What nobody expected was the vote count: 8–4. Four members of the twelve-person committee broke with the majority. That hasn’t happened since October 1992—when George H.W. Bush was still president and most of your grandkids weren’t born yet.
Now... here’s what most people get wrong about Fed dissents. They think it’s about one meeting. It’s not. It’s a signal. When the people inside the building can’t agree on what to do, it means the economy is sending them two different messages at the same time. Three of the dissenters—Hammack, Kashkari, and Logan—didn’t want the Fed hinting at future rate cuts. They see oil above $100, inflation back at 3.3%, and they think cutting is off the table. The fourth dissenter, Stephen Miran, wanted a cut right now. Same meeting. Opposite conclusions.
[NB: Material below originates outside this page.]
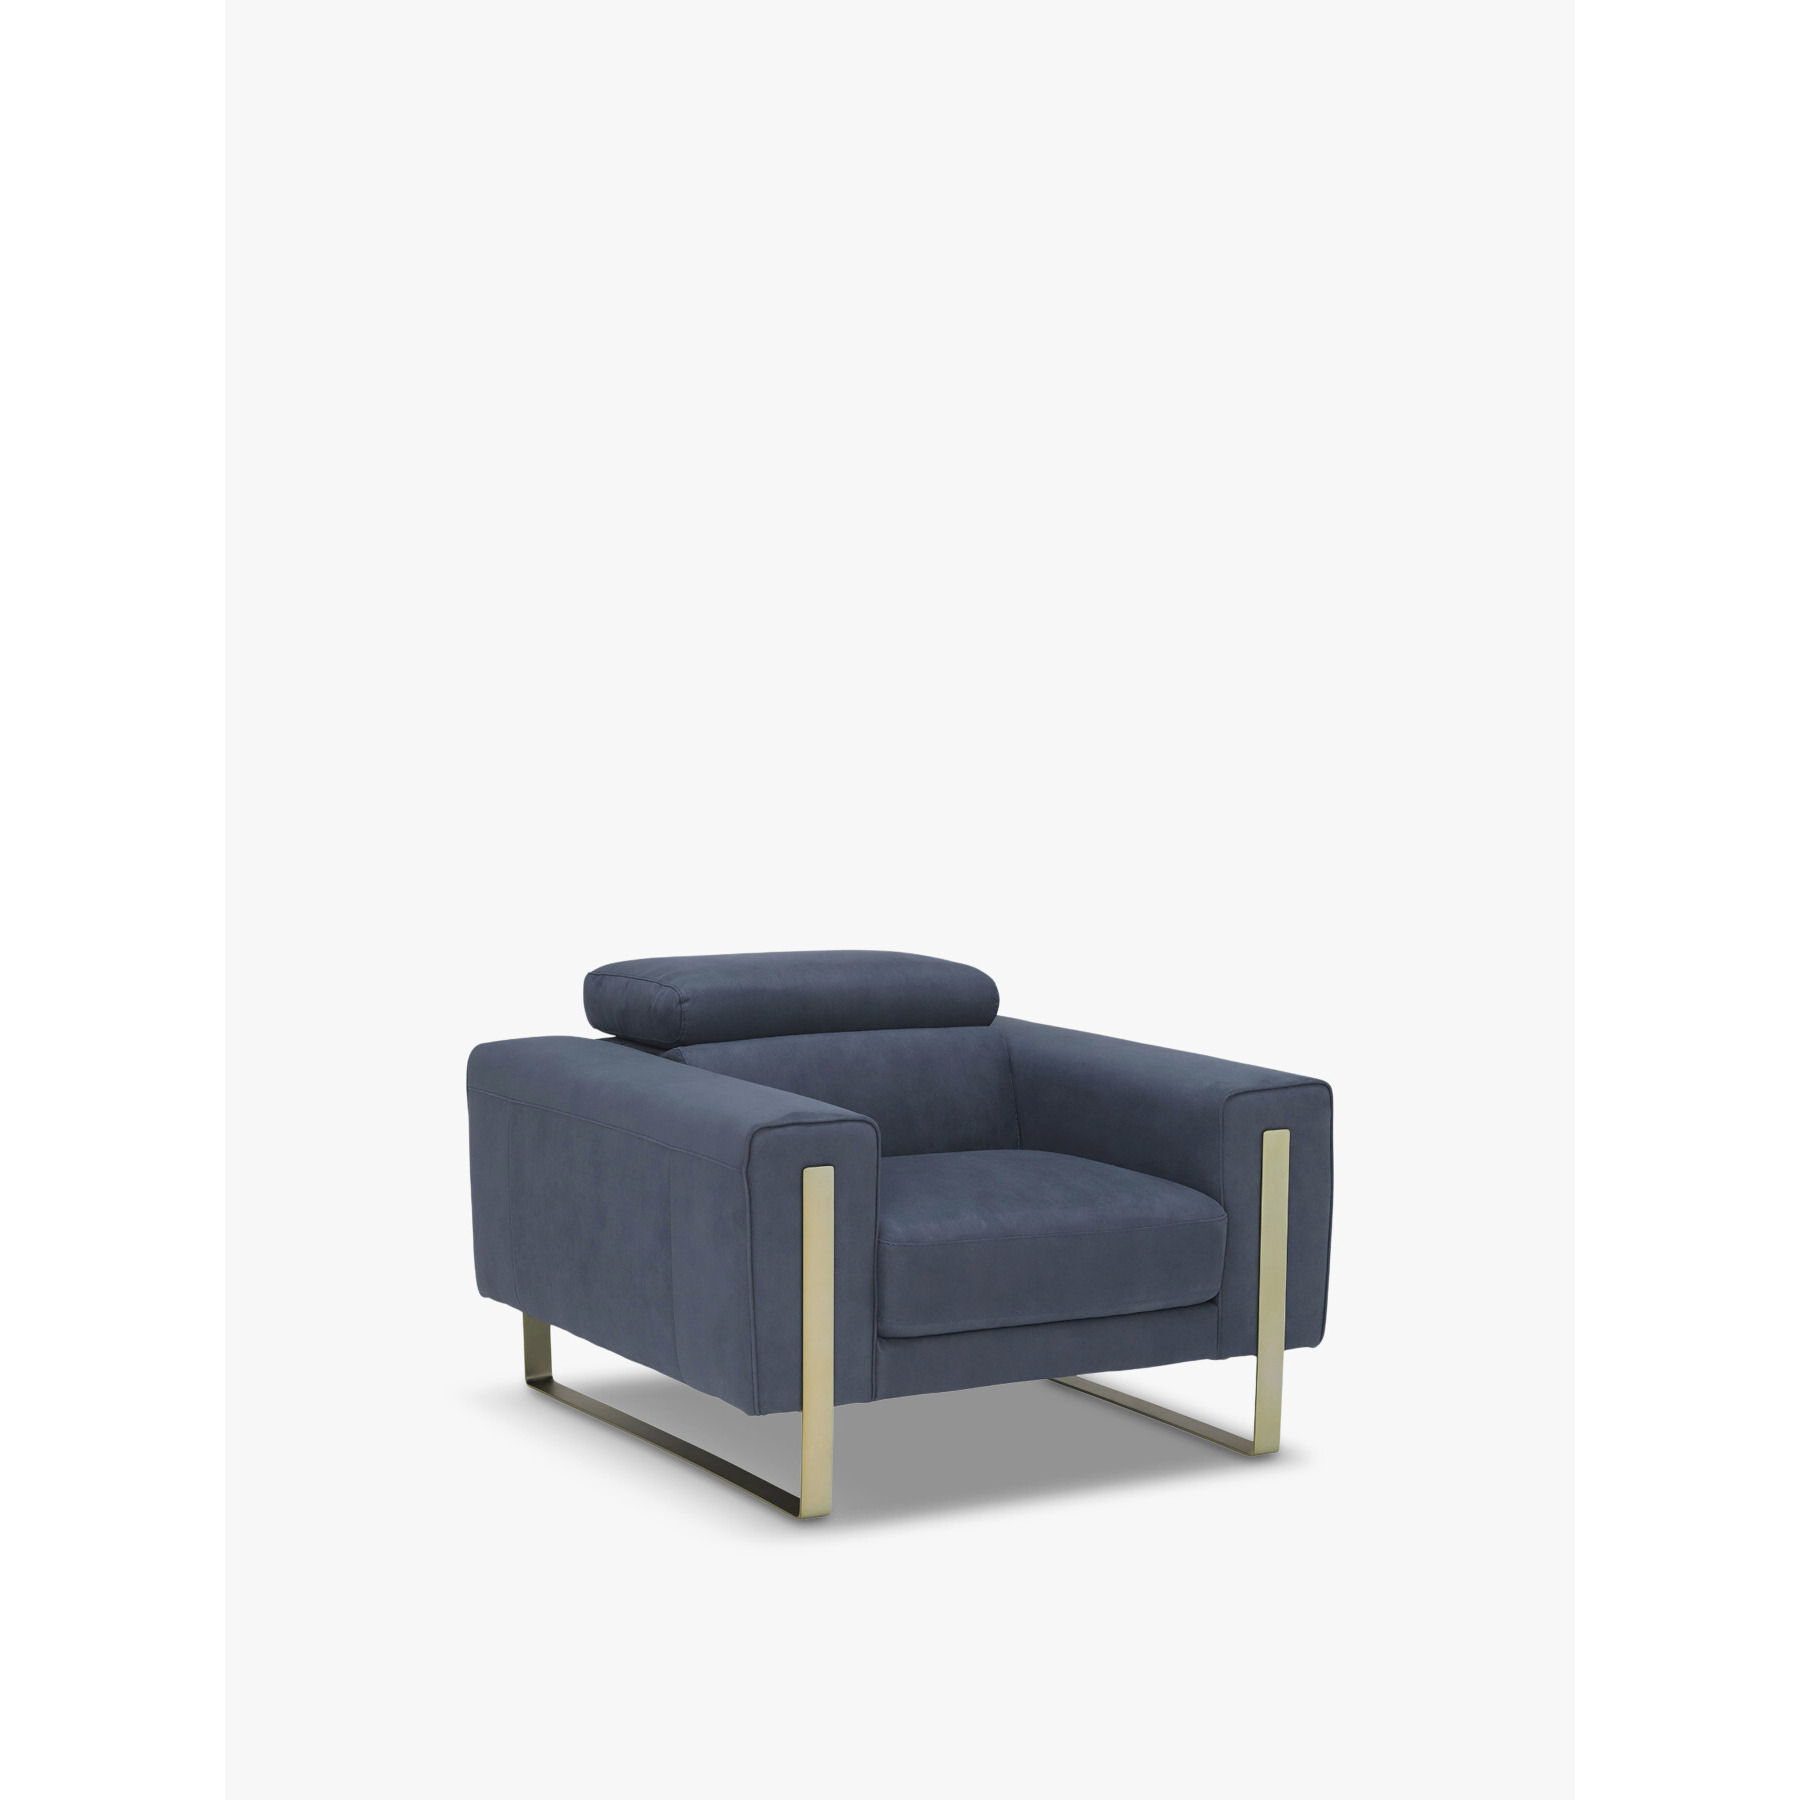 Barker and Stonehouse Milan Armchair, Cashmere Ocean Blue - image 1

And here’s the part that really gets me. This was Jerome Powell’s last meeting as chairman. Eight years running the most powerful financial institution on the planet, and he walks out the door with the most fractured vote in a generation. Kevin Warsh takes over in two weeks. He’s inheriting a committee that can’t agree on whether rates should go up, down, or sideways... while a war in the Middle East keeps oil prices above $100 a barrel and CPI is running 3.3%.
Put it differently: the last time the Fed was this divided, it took two more years before they finally started raising rates again. The confusion itself is the story. When the people who set the price of money can’t agree on the price of money, you should pay attention.